Using PF to divert, then rdr

Hello,

I have a couple of scenarios I am curious about. If I have a PF rule to divert ALL tcp traffic to a IPPROTO_DIVERT socket, that is doing a recvfrom() and a sendto().

And another rule immediately following that PF rule that is doing a rdr of ALL tcp traffic to another network interface.

Can I be assured that if I have a SOCK_STREAM socket accept() traffic from the interface the rdr is pointing to, TCP connections will be accepted on that socket in the order they passed through the divert socket?

My goal here is to be able to be able to sniff or modify packets with the divert, reinject them, and have them then go through a normal TCP connection acceptation with the stream socket, this way I can read and write back and forth between the server and the client. I want to be able to correlate the packets I detected in the divert socket with connections established in the stream socket.

Thanks in advance
 
dcole said:
I have a PF rule to divert ALL tcp traffic to a IPPROTO_DIVERT socket

Problem with this is that divert sockets are extremely inefficient due to packages being copied to and from userspace memory. It can work well with very specific PF rules but for all traffic its an over kill in terms of performance.

dcole said:
Can I be assured that if I have a SOCK_STREAM socket accept() traffic from the interface the rdr is pointing to, TCP connections will be accepted on that socket in the order they passed through the divert socket?

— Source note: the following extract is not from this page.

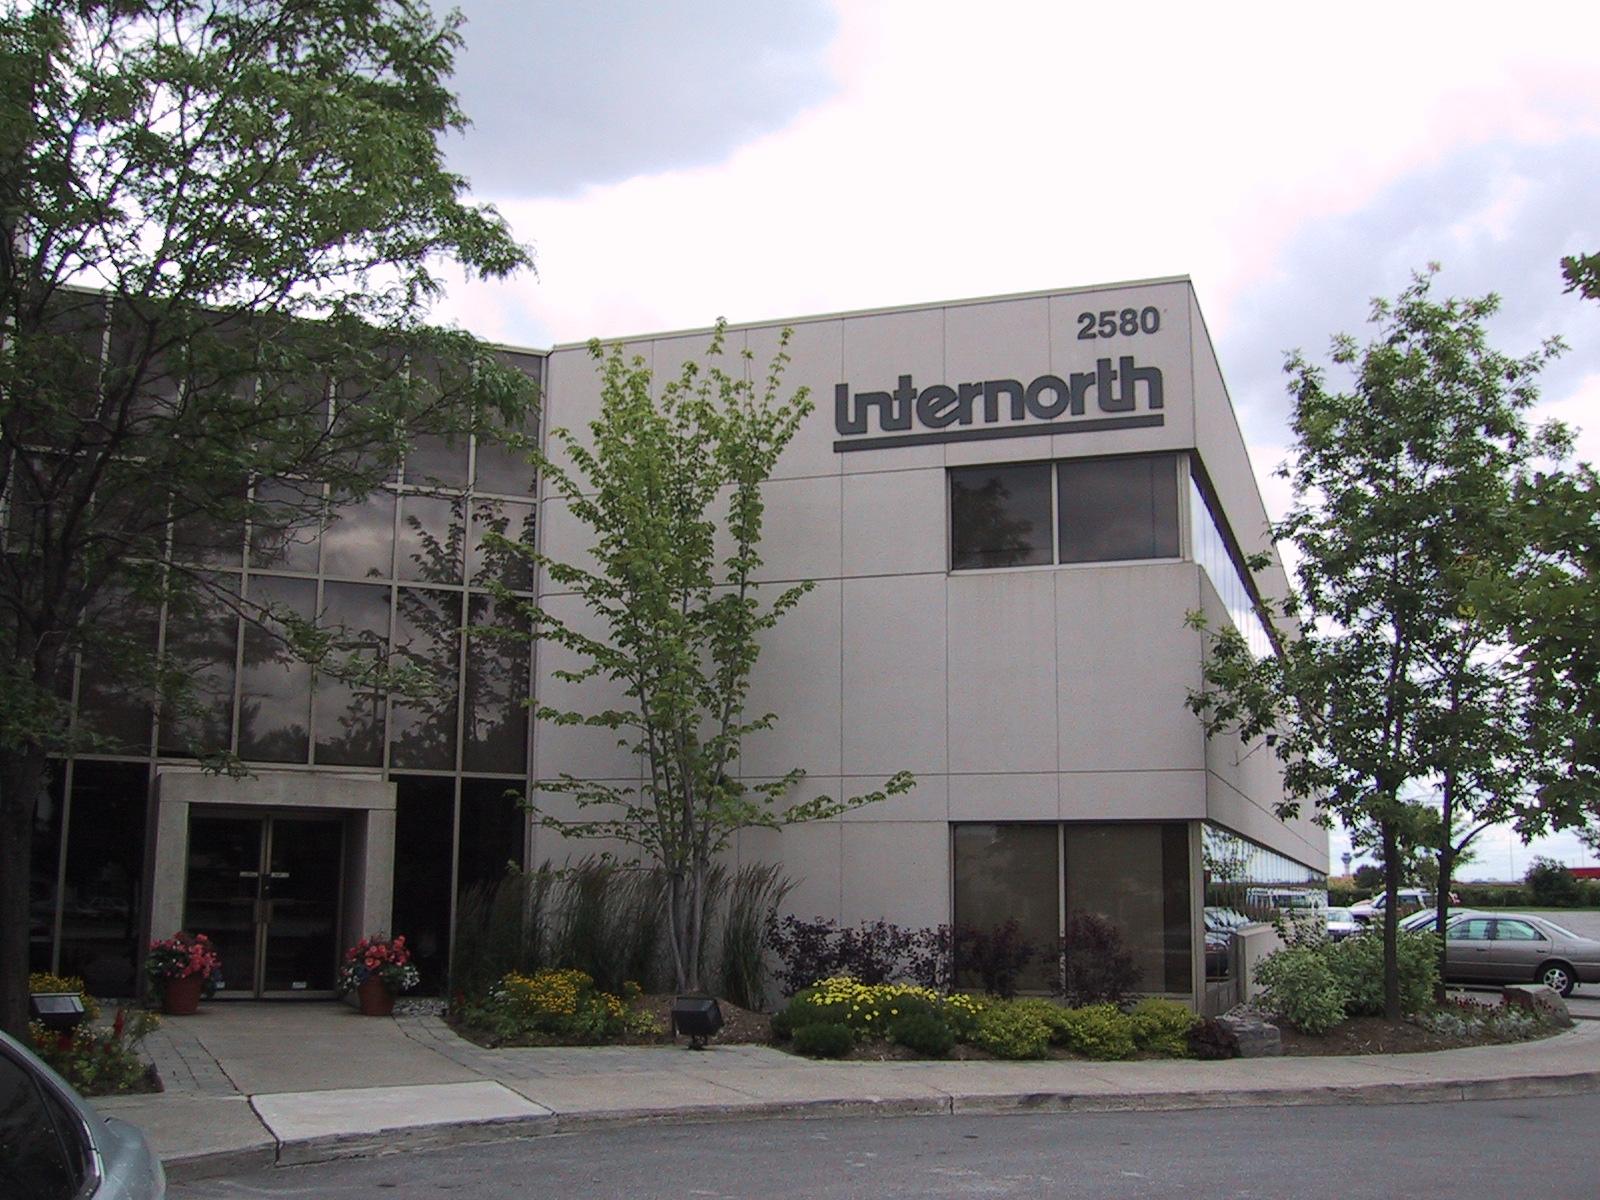 Intenorth buliding

Most likely, but you have to make sure you re-inject those packets in your divert socket or they will be lost.

dcole said:
My goal here is to be able to be able to sniff or modify packets with the divert, reinject them, and have them then go through a normal TCP connection acceptation with the stream socket, this way I can read and write back and forth between the server and the client. I want to be able to correlate the packets i detected in the divert socket with connections established in the stream socket.

When it comes to TCP you should not single out a specific package for rejection because this will cause lag and the package to be resent by parent host and if you keep rejecting it, the connection will hang. So you either drop connection as whole or let every package to pass. You could modify them to some extend, but it's not hard to break the underlying protocol.
 
So I was able to get the divert socket working, and I can see with tcpdump the packet going in, and going out on that interface. I am trying to modify the tcp destination port, and destination IP address.

Do I need to recalculate the checksum for IP and TCP for this to work? I have been trying to get that working, and I keep seeing a reset packet after the packet leaves the divert rule.
 
Well, I keep running into one road block after another. Read in the manpage of divert

Code:
      The port part of the socket address passed to the sendto(2) contains a
     tag that should be meaningful to the diversion module.  In the case of
     ipfw(8) the tag is interpreted as the rule number after which rule pro-
     cessing should restart.

Does this apply for PF as well? The problem is, PF wont let me do a redirect after changing something about the packet with the divert-to because of the order of the PF.conf file can't be changed. So setting the tag to zero doesn't do a full reprocessing (including rdr), it just does the filtering rules.

I think I would have this problem solved if I could do this scenario:


Divert packet, to change the port to a specified range 5000:10000 let's say
Create a socket with the specified port for that packet that was diverted
redirect packet when it re-enters the stream to the interface my socket is listening on ports 5000:10000


In my existing scenario, I was changing the IP address to that of my listening interface, as well as the port number that I had created the socket on, to try to accept the connection. This will never work because the SYN/ACK accept is sent from the wrong IP address. So I need to leave the IP address unmodified. I am assuming when I use RDR in my PF.conf, the kernel keeps track of true destination/redirected destination, so that you can still open a SOCK_STREAM connection. This is the functionality I'd like to recreate.

I know little of IPFW..will it let me create a scenario like htis more easily? I was just using PF becaues I already had some existing rules to do some other things.
 
Can you perhaps write what are you trying exactly to do in a single post? Its very confusing to understand why do you need divert sockets if you only want to redirect traffic.
 
I am trying to determine where traffic is going even if it has been redirected/nat'd

Is it possible to make a normal SOCK_STREAM connection of a previously nat'd connection, and look up the information about what the original destination and source addresses were before the NAT?

I was noticing that under IOCTL that there is a DIOCNATLOOK function that I have been tinkering with, but I havent quite gotten the sample program to work yet. Maybe there is an easier way than what I was trying to do.